Johannesson M, Borgquist L, Jönsson B, Lindholm L H
Central for Health Economics, Stockholm School of Economics, Sweden.
J Intern Med. 1996 Jul;240(1):23-9. doi: 10.1046/j.1365-2796.1996.491830000.x.
To evaluate the cost-effectiveness of two types of advice (usual and intensive) to lower cardiovascular risk, with or without pharmacological medication aimed at lowering cholesterol levels.
Prospective, randomized, controlled clinical study of 18 months' duration.
Thirty-two primary health care centres in Sweden.
A total of 384 males, aged 30-59 years, with at least one cardiovascular risk factor in addition to moderate primary hyperlipidaemia; of these, 355 completed the 18-month follow-up.
Intensive advice consisted of group sessions led by a health care professional; the usual level of advice was given at follow-up visits. The pharmacological intervention consisted of pravastatin. The goal was to achieve a 15% reduction in cholesterol.
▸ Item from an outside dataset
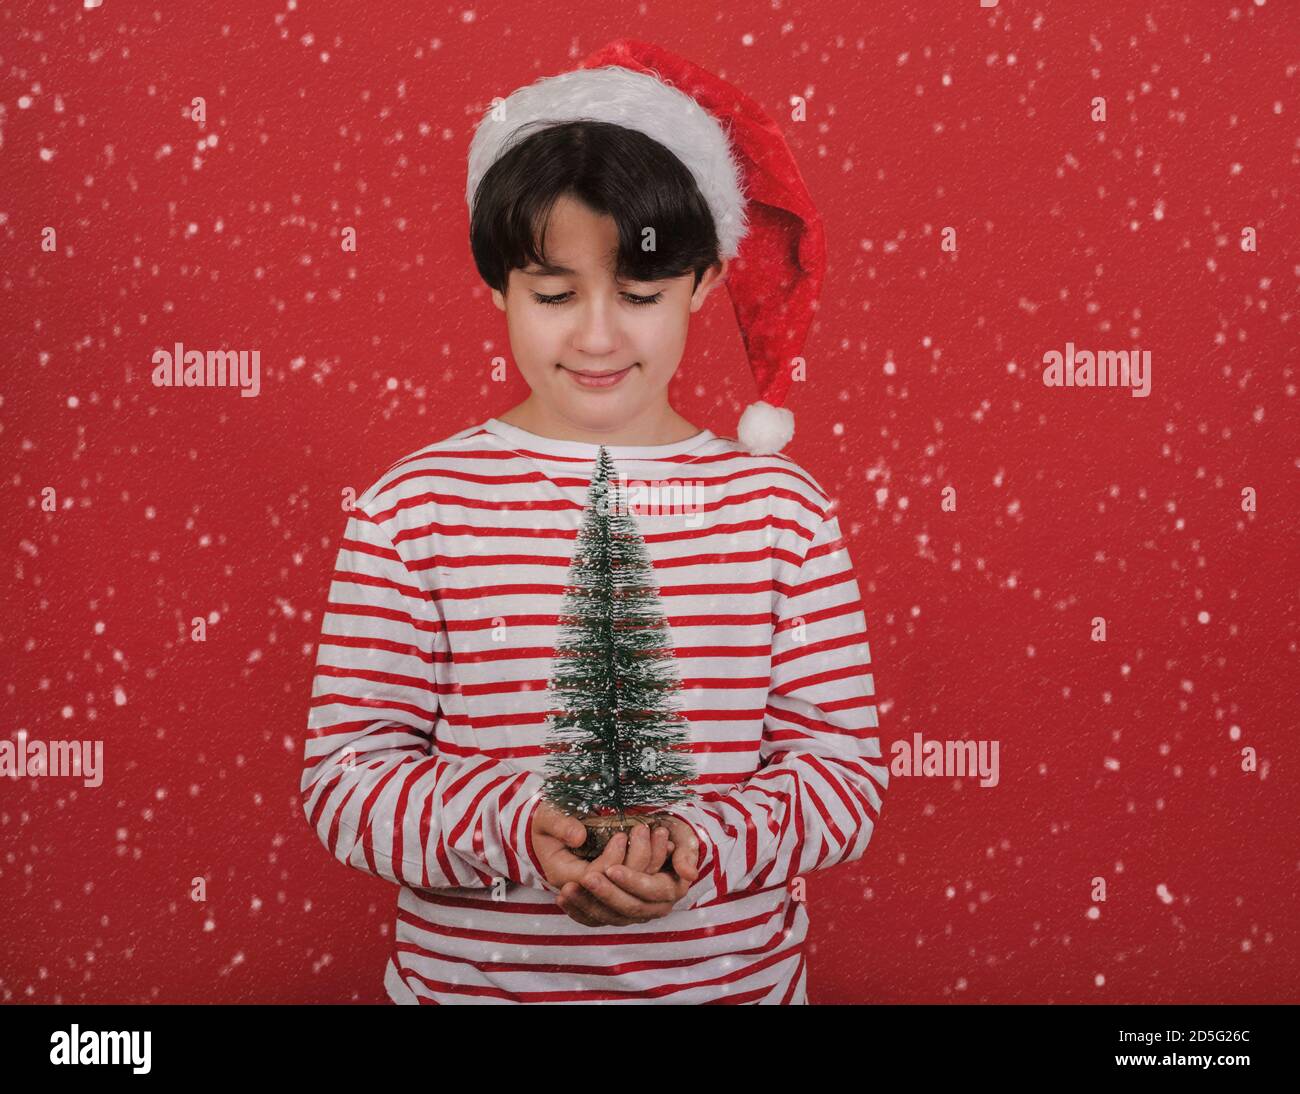 Joyeux Noël, un enfant portant un chapeau de Noël avec un petit arbre de noël entre ses mains sur fond rouge Banque D'Images

Cost per life-year gained based on the change in serum cholesterol and the net intervention cost of the four treatment options.
The usual level of advice and intensive advice in combination with pharmacological treatment achieved no incremental effects and were not considered in the cost-effectiveness analysis. The cost per life-year gained of pharmacological treatment compared with intensive advice decreased. The cost per life-year gained of pharmacological treatment compared with no treatment was about $61,000, if no adverse consequences on noncardiovascular mortality were assumed.
According to the results of the CELL trial, intensive advice is not a cost-effective strategy compared with lipid-lowering drug treatment. However, it is also doubtful whether drug treatment as primary prevention is cost-effective compared with no treatment in the studied patient population.
评估两种类型的建议(常规建议和强化建议)在降低心血管疾病风险方面的成本效益,无论是否使用旨在降低胆固醇水平的药物治疗。
为期18个月的前瞻性、随机、对照临床研究。
瑞典的32个初级卫生保健中心。
共有384名年龄在30 - 59岁之间的男性,除中度原发性高脂血症外,至少还有一种心血管疾病风险因素;其中355名完成了18个月的随访。
强化建议由一名医疗保健专业人员主持小组会议;常规建议在随访时提供。药物干预包括普伐他汀。目标是使胆固醇降低15%。
基于血清胆固醇变化和四种治疗方案的净干预成本计算每获得一个生命年的成本。
常规建议以及强化建议与药物治疗相结合未产生增量效果,因此未纳入成本效益分析。与强化建议相比,药物治疗每获得一个生命年的成本有所降低。如果假设对非心血管疾病死亡率没有不良影响,与不治疗相比,药物治疗每获得一个生命年的成本约为61,000美元。
根据CELL试验的结果,与降脂药物治疗相比,强化建议不是一种具有成本效益的策略。然而,在研究的患者群体中,作为一级预防的药物治疗与不治疗相比是否具有成本效益也值得怀疑。